In civil construction industry, different types of crushed stone are used as aggregate materials. As the prices of crushed stone depend on their types, the automated system that can examine their type is needed to avoid human mistakes. This study aims to propose a novel method for classifying 5 different classes of crushed-stone images in the dump-body of a truck. Remarkably, 4 classes are defined according to 4 types of crushed stone and the other class is the empty dump-body of a truck. We create a crushed-stone predictor called CSDeep based on a convolution neural network (CNN) and the generic texture-features such as Gabor wavelet, Haralick and Laws. A CNN is a backpropagation neural network with an effective image processing tool, i.e., convolutions. The generic texture features are used to provide additional information that is missed by CNN. The set of 2,500 and 500 images equally sampled from each class are used as training and test data, respectively. The optimal set of generic texture features are chosen by an inheritable biobjective combinatorial genetic algorithm. The proposed CSDeep achieves 89.00% of test accuracy. To the best of our knowledge, CSDeep is the first predictor for crushed-stone images taken by a digital camera. The results show that the combination of generic texture-features and CNN is suggested to enhance the performance of a deep learning model.
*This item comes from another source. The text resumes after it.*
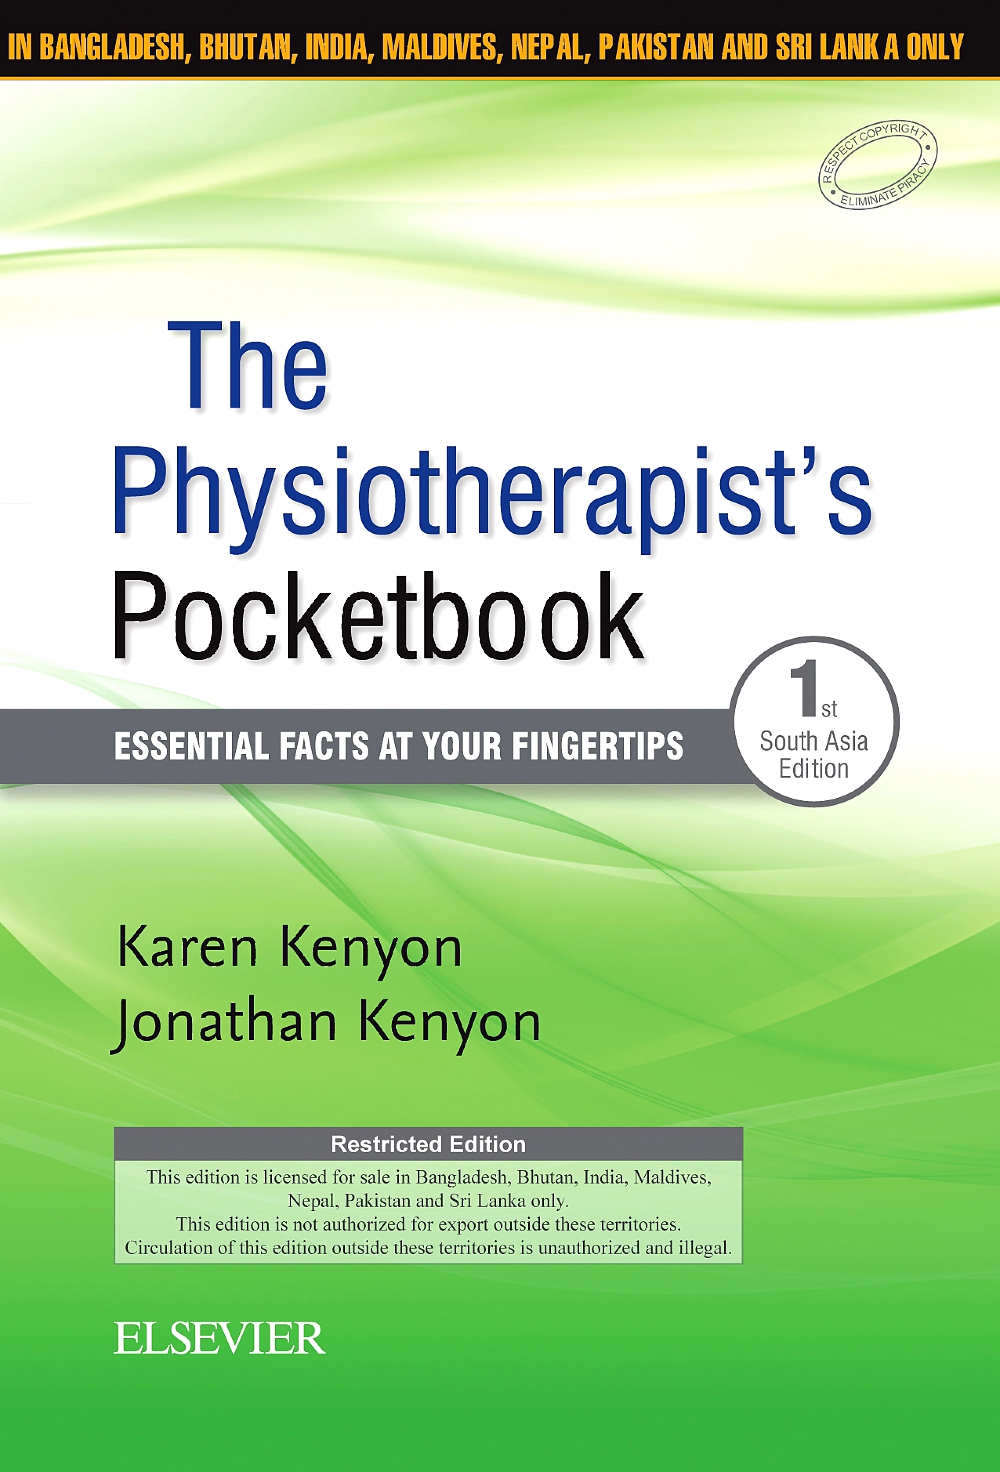 The Physiotherapist's Pocketbook, First South Asia Edition: Essential Facts at Your Fingertips

CSDeep:一个基于深度学习和智能选择特征的碎石图像预测器
在民用建筑行业中,不同类型的碎石被用作骨料。由于碎石的价格取决于其类型,因此需要能够检查其类型的自动化系统,以避免人为错误。本研究旨在提出一种新的方法对卡车自卸车中5种不同类型的碎石图像进行分类。值得注意的是,根据4种碎石定义了4个类别,另一个类别是卡车的空倾卸体。我们基于卷积神经网络(CNN)和通用纹理特征(如Gabor小波、Haralick和Laws)创建了一个名为CSDeep的碎石预测器。CNN是一种反向传播神经网络,具有有效的图像处理工具,即卷积。通用纹理特征用于提供CNN遗漏的附加信息。从每个类中平均采样的2500张和500张图像分别用作训练和测试数据。采用可遗传的双目标组合遗传算法选择最优的通用纹理特征集。所提出的CSDeep达到了89.00%的测试准确率。据我们所知,CSDeep是第一个用数码相机拍摄碎石图像的预测器。结果表明,建议将通用纹理特征与CNN相结合来提高深度学习模型的性能。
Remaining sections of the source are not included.